A Legal Perspective on Force Majeure
What Lawyers and Their Clients Need to Know Right Now
The Gulf Cooperation Council (GCC) region, long marketed to global investors as an island of stability in a turbulent neighborhood erupted in conflict during the last days of February 2026. Starting on February 28, joint U.S.-Israeli airstrikes on Iran triggered a massive retaliatory Iranian campaign of missiles and drones that struck Bahrain, Kuwait, Qatar, Saudi Arabia, Oman and what I have been calling home for almost 10 years, the United Arab Emirates. Airports shuttered, stock exchanges suspended trading and a data center was struck by shrapnel: possibly the first time in history that a major cloud infrastructure facility was damaged in a conflict.
For us lawyers and our clients, the legal consequences of this conflict are already unfolding, and they are complex, far-reaching, and in some cases unprecedented.
The Legal Landscape Has Changed Overnight
The GCC states: UAE, Saudi Arabia, Qatar, Bahrain, Kuwait, and Oman host trillions of dollars in cross-border commercial activity. These jurisdictions have spent the past two decades building sophisticated legal and arbitral frameworks specifically to attract global capital: Dubai International Arbitration Center (DIAC), the Dubai International Financial Centre (DIFC) Courts, the Abu Dhabi Global Market (ADGM) Courts, the Qatar International Court and Dispute Resolution Centre (QICDRC), and dozens of bilateral investment treaties that underpin foreign direct investment across the region.
That institutional infrastructure remains formally intact, but the practical reality for clients with active contracts, pending transactions, ongoing arbitrations, or in-region assets has shifted dramatically. Here is what I believe that we practitioners need to be advising clients on, right now.
Force Majeure: The Argument (or Defense) that Everyone Will Invoke (and Why It’s Never a Simple as It Sounds)
The phrase force majeure borrowed from French Civil Law but now embedded in commercial contracts worldwide refers to an unforeseeable event beyond a party’s reasonable control that prevents contractual performance. In American and English law, the equivalent doctrine of “impracticability of performance” or “frustration of purpose” covers similar ground, though with important distinctions.
As I am writing this article, legal teams across certain sectors such as construction, energy, hospitality, aviation, logistics, technology are scrutinizing their force majeure clauses. And with good reason.

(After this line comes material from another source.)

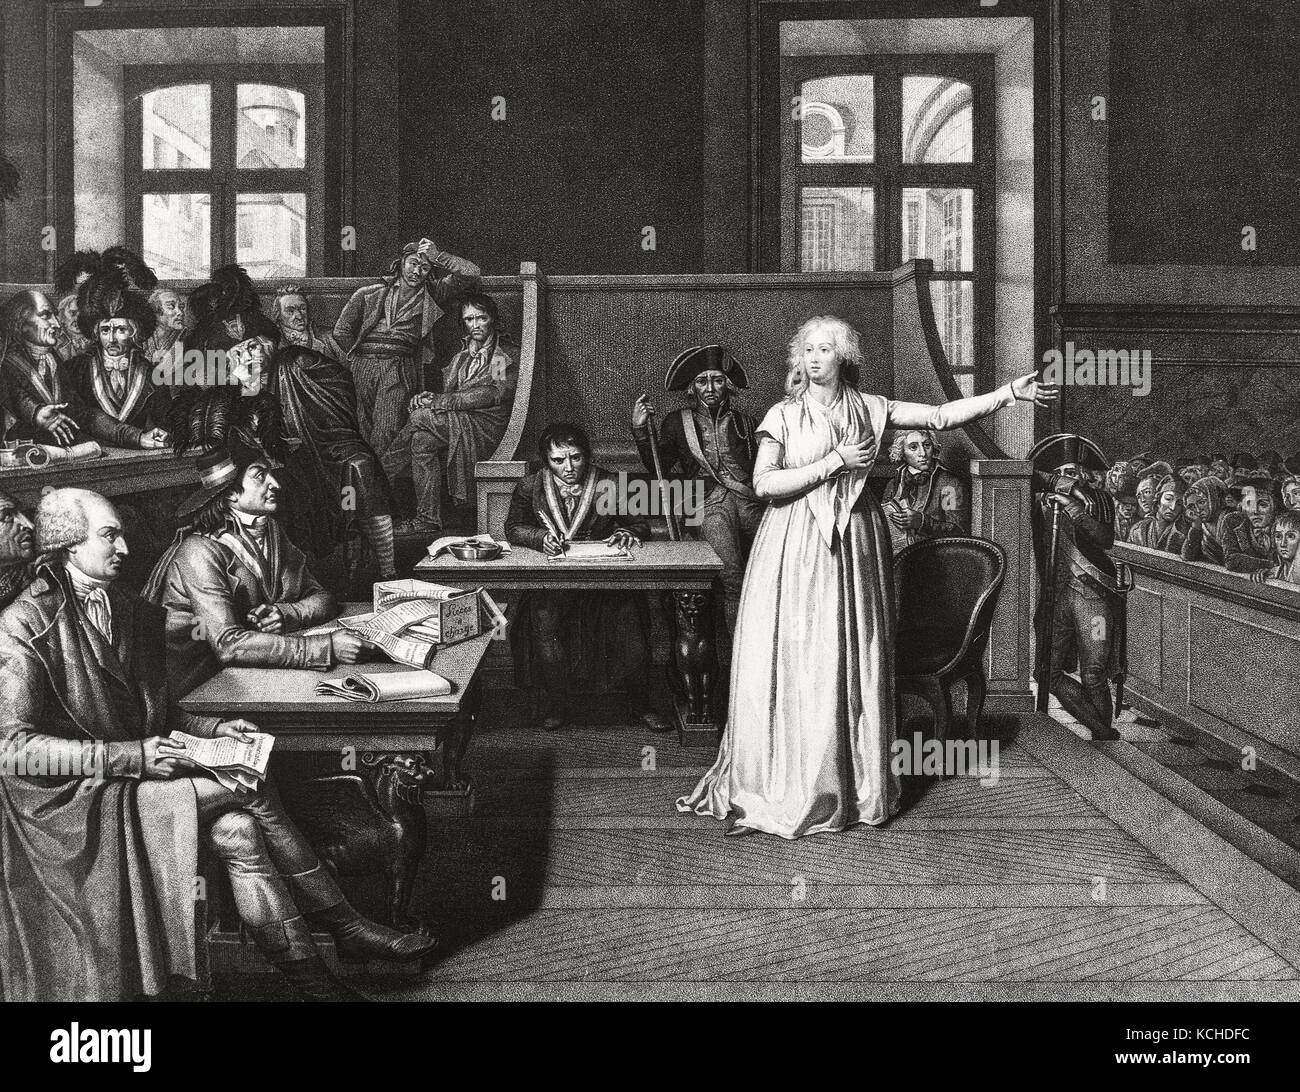 Marie Antoinette (1755-1793). Königin von Frankreich. Am 16. Oktober 1793, wurde sie ausprobiert und verurteilt. Marie Antoinette vor Gericht. Gravur. Stockfoto

Airports across the region have seen mass flight cancellations and the port traffic through the Strait of Hormuz has plummeted to roughly one-fifth of normal levels. For any party that cannot perform its contractual obligations as a result of these conditions, force majeure is the natural starting point.
What Must Be Shown
For a force majeure claim to succeed under most common law and civil law frameworks and in the arbitral jurisprudence that has emerged from DIFC, ADGM, and ICC arbitrations, a party typically must establish three elements:
First, that the event was unforeseeable at the time of contracting. This element is already becoming contested. Sophisticated parties negotiating contracts in late 2025 arguably had notice that U.S.-Iran tensions were escalating, particularly after Operation Midnight Hammer in June 2025. Counterparties will argue that geopolitical risk in the Gulf was foreseeable and should have been priced into the deal.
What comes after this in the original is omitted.